Je croirais volontiers que le Japonais est l’être le plus propre du monde: ces intérieurs où les enfants pullulent, grands comme des mouchoirs de poche, on y voit des parquets luisants, pas une poussière. Je n’ai jamais vu tant de lavages à grande eau, de balayages ou d’époussetages qu’à Tokio… La langue japonaise, après dix jours, garde évidemment son mystère; mais parmi les quelques mots que j’ai appris de cette langue que j’imaginais de loin barbare et rocailleuse, se trouvent uen foule de son superbement mélodieux. « Merci beaucoup», par exemple, se chante en ces termes: Dômo-arigato, et «au revoir»: sayô-nara. La Japonaise (sans parti pris) semble infiniment plus futée, plus vive et, ô inutile précision! plus attrayante que son homme.
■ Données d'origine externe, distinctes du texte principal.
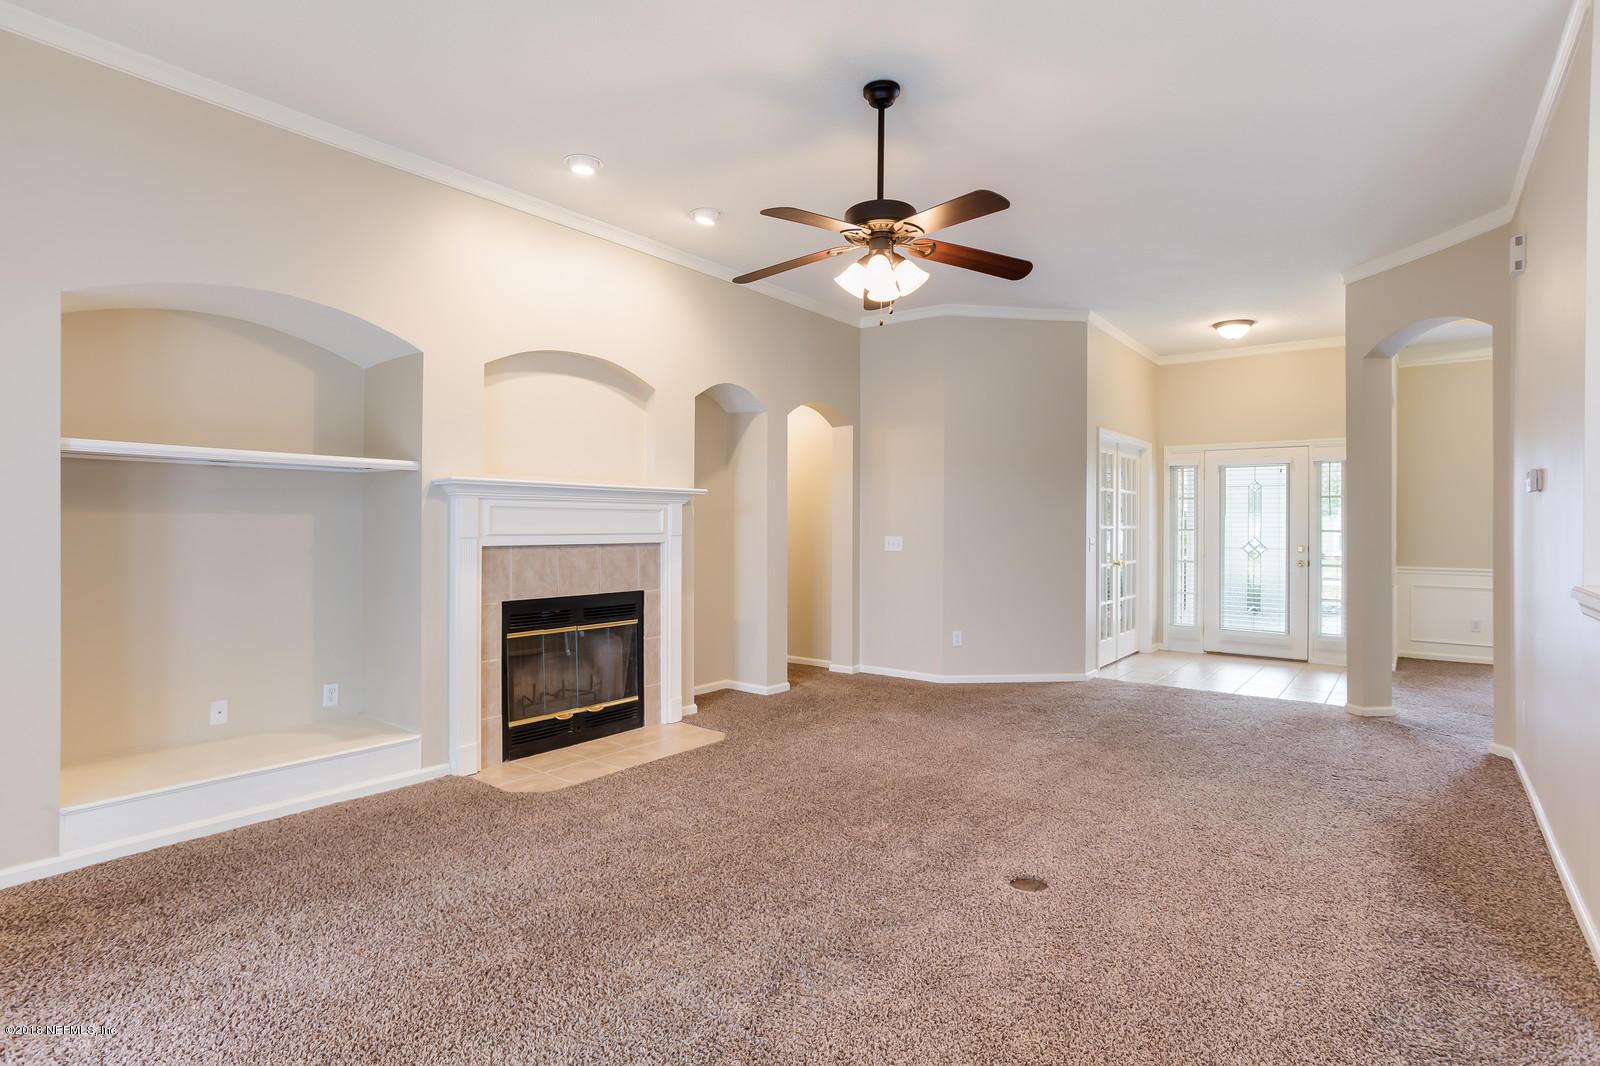 2272 BROOK, ORANGE PARK, FLORIDA 32003, 5 Bedrooms Bedrooms, ,4 BathroomsBathrooms,Residential - single family,For sale,BROOK,954438

Je me suis laissé dire, par des vétérans d’extrême Orient, que ce pays, hier encore féodal et où la femme était officiellement quantité négligeable, était en réalité mené par le bout du nez par son peuple de jupons (ou plutôt de kimonos). Comme quoi le Japon n’est pas si exceptionnel qu’on pense… Le kimono, à propos, est en danger de mort: les dames japonaises n’ont pas encore réglé un débat très vif qui s’est engagé ces dernières années: costume occidental – vs – costume traditionnel. Un coup d’œil sur la foule de Tokio suffit à démontrer que la tradition n’attend pas le verdict des juges pour s’en aller… La «geisha» légendaire, la vraie (hôtesse professionnelle, gracieuse, cultivée), a disparu. Les goûts assez peu raffinés des soldats d’occupation l’ont, ou bien apeurée, ou bien transformée en professionnelle tout court. Les rares geishas authentiques qui restent sont, parait-il, jalousement gardées par leurs «propriétaires» (car un tel phénix représente, en soins et en entrainement, un gros placement!)… L’hôtel Marunouchi, à propos, est le centre d’accueil du Commonwealth à Tokio: l’Angleterre, le Canada, l’Inde, l’Australie, l’Afrique du Sud s’y coudoient. Tous les autres hôtels occidentaux (car il y a aussi uen multitude d’hôtels à la japonaise, tout à fait différents) sont plus ou moins occupés par les Américains, ce qui est d’ailleurs très normal…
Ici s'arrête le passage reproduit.